**Dataset extract**
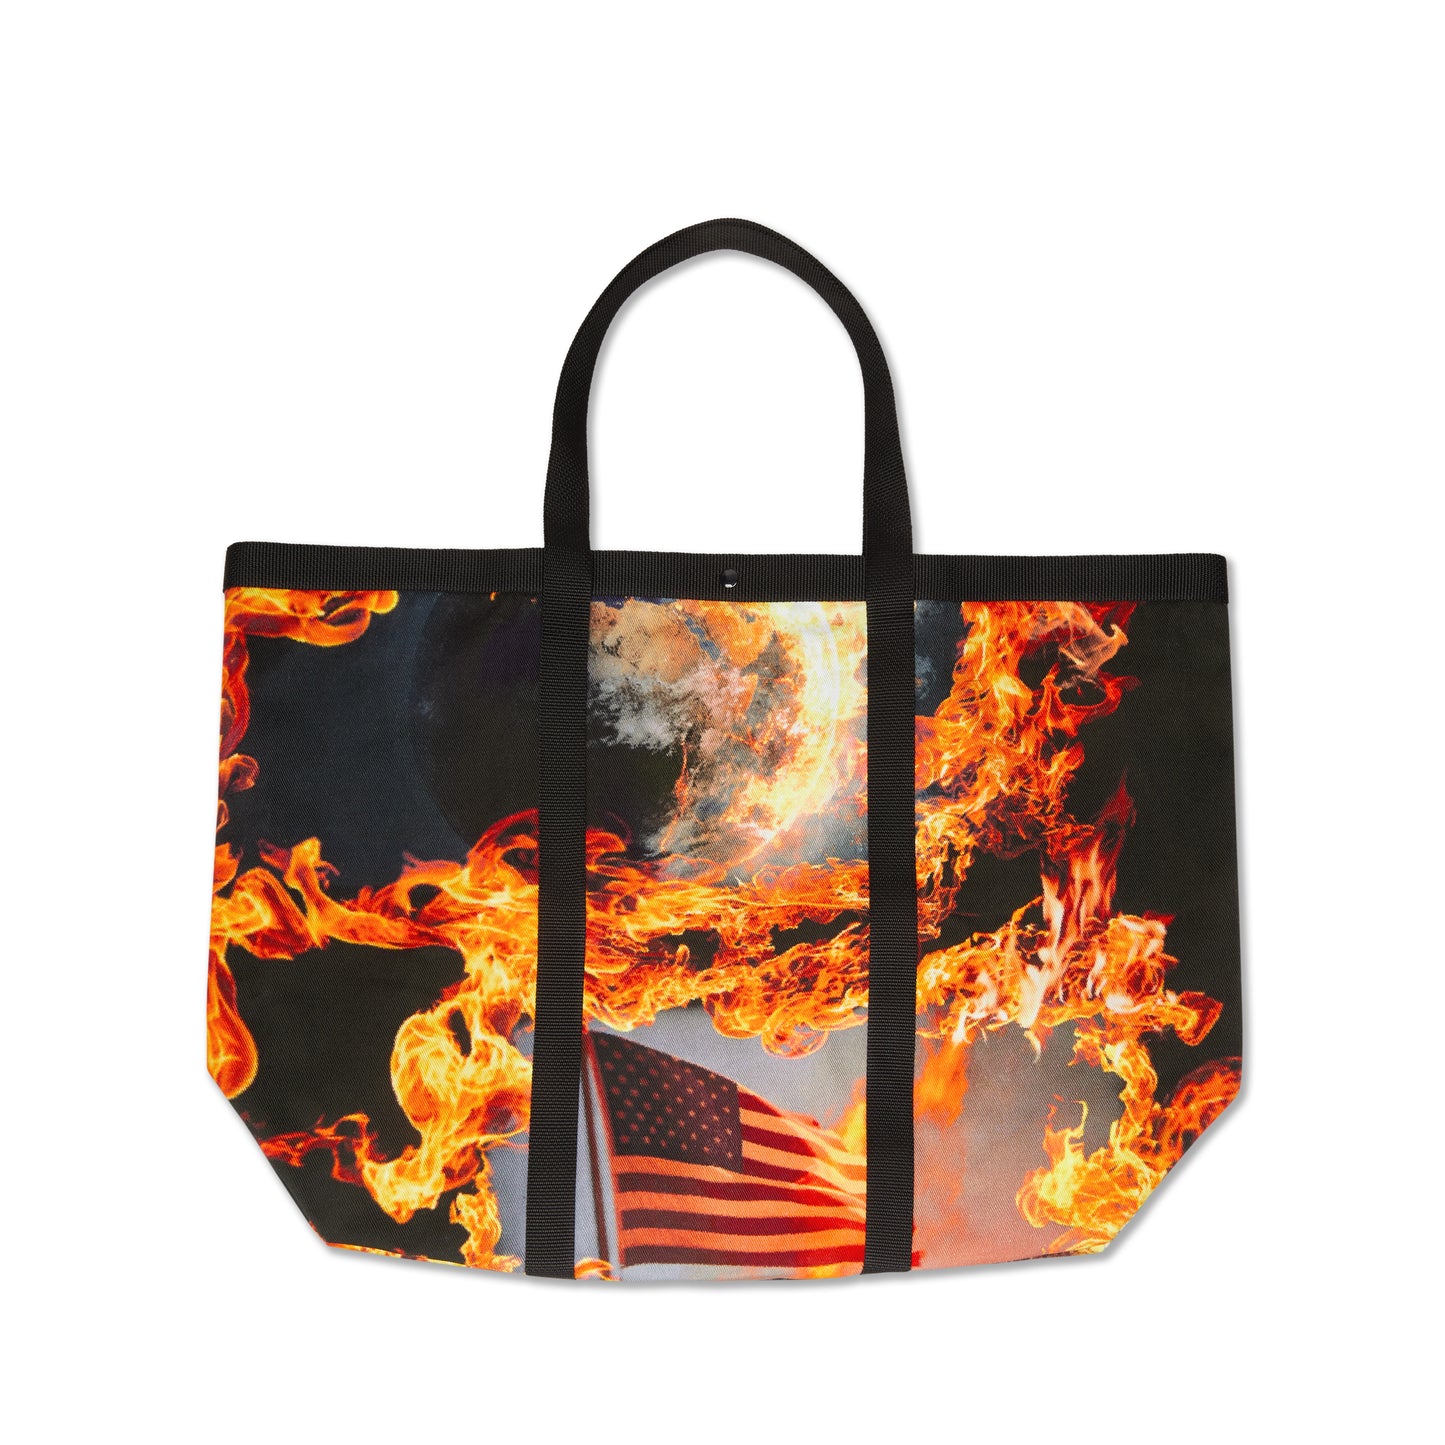 WORLD IS BURNING TOTE BAG
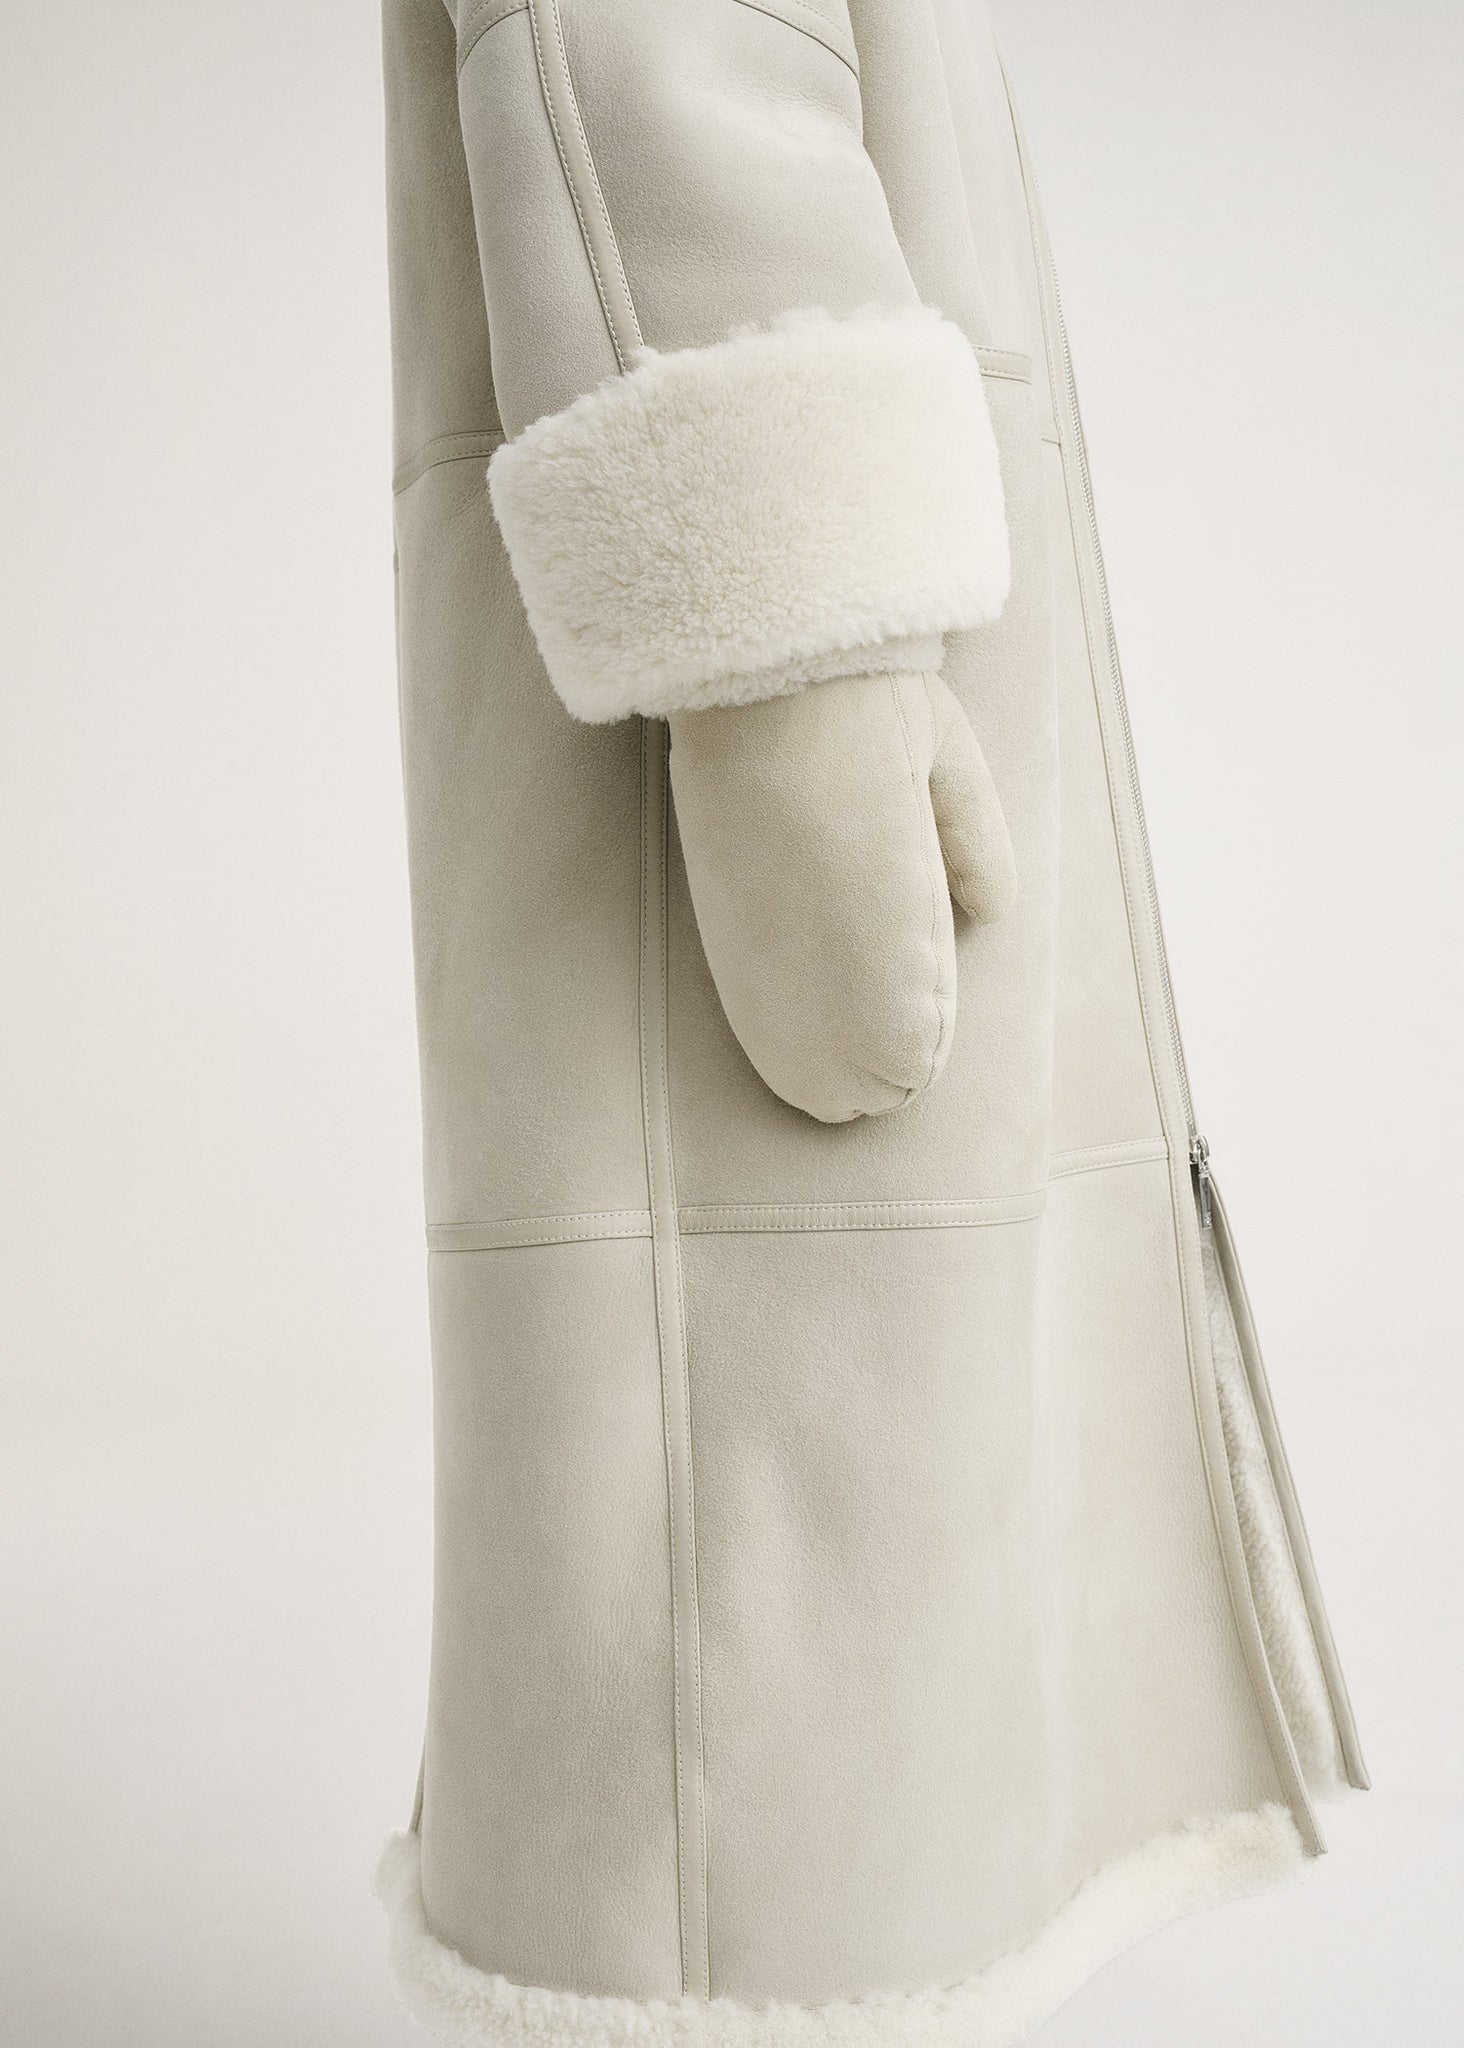 Suede shearling mittens macadamia
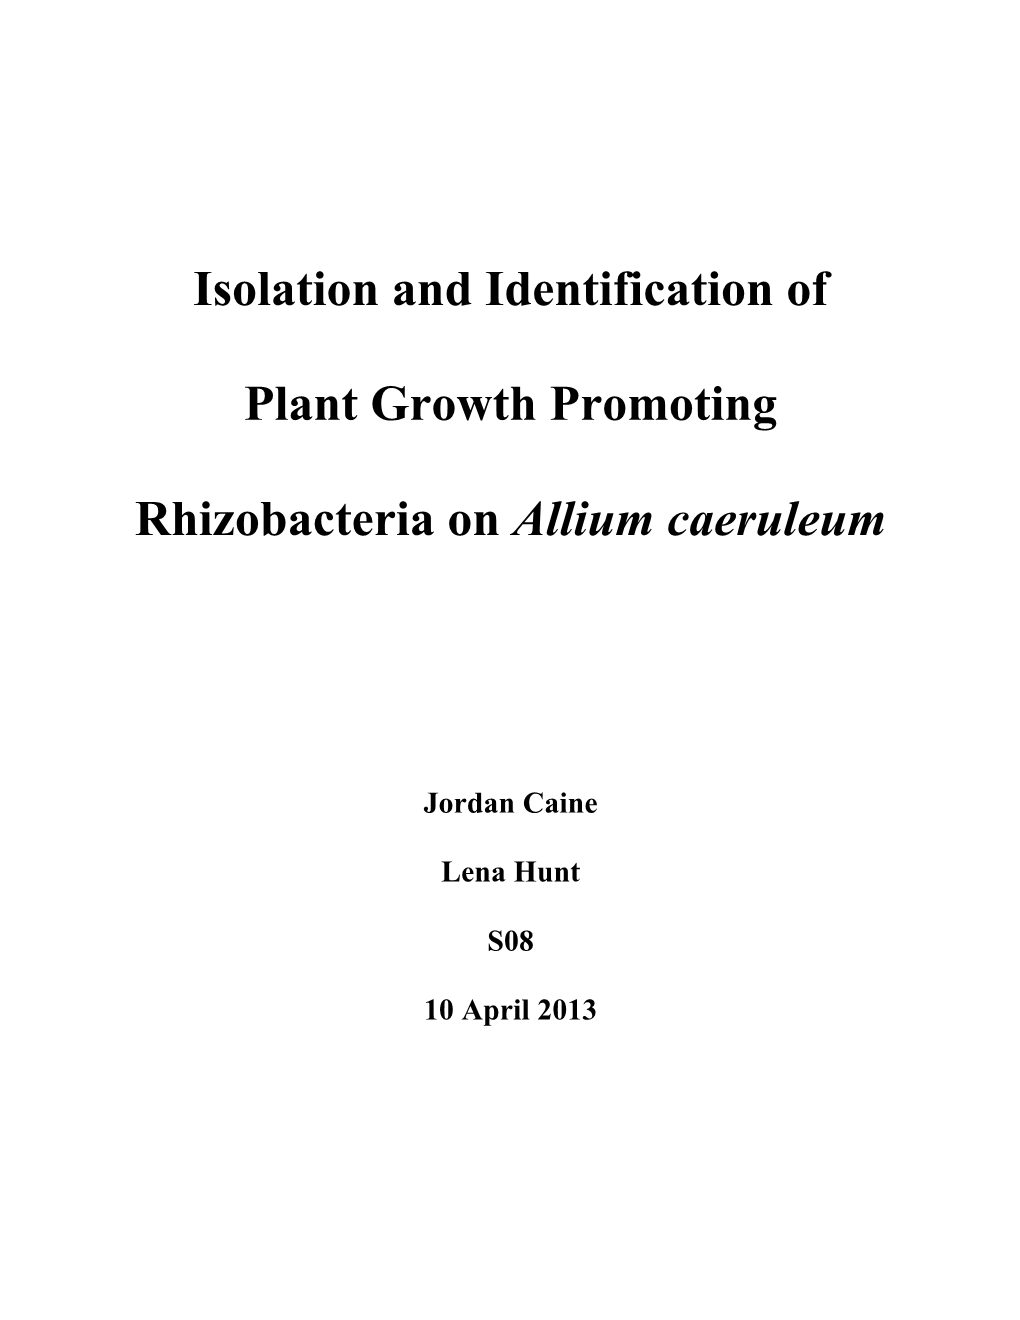 Isolation and Identification of Plant Growth Promoting Rhizobacteria On
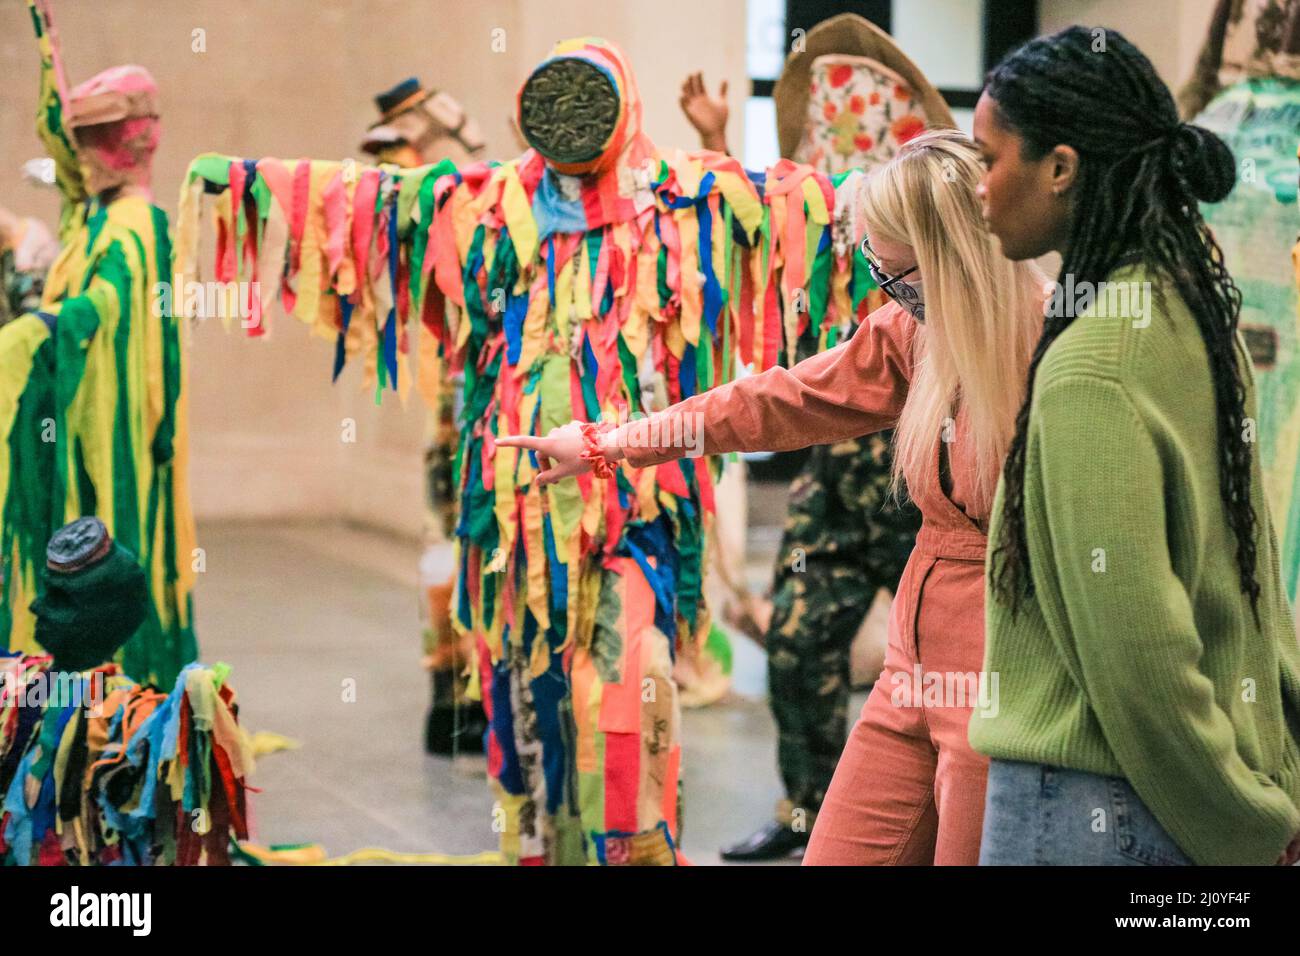 London, UK, 21st March 2022. Tate staffers with 'The Procession', which is one large installation with many different elements. Influence of both Indian and Indo-Caribbean culture, including many carnival elements, can be seen. According to Locke, 'The Procession' is not a historic textbook, but rather an 'extended poem of contrasting references and imagery. The annual Tate Britain Commission has been undertaken by Guyanese-British artist Hew Locke with 'The Procession'. Credit: Imageplotter/Alamy Live News Stock Photo

**Task item**
Output exactly the lines above, from the line with "Suede shearling mittens macadamia" to the line with "Isolation and Identification", both included; skip the pictures.

**Expected output**
 Suede shearling mittens macadamia
 Isolation and Identification of Plant Growth Promoting Rhizobacteria On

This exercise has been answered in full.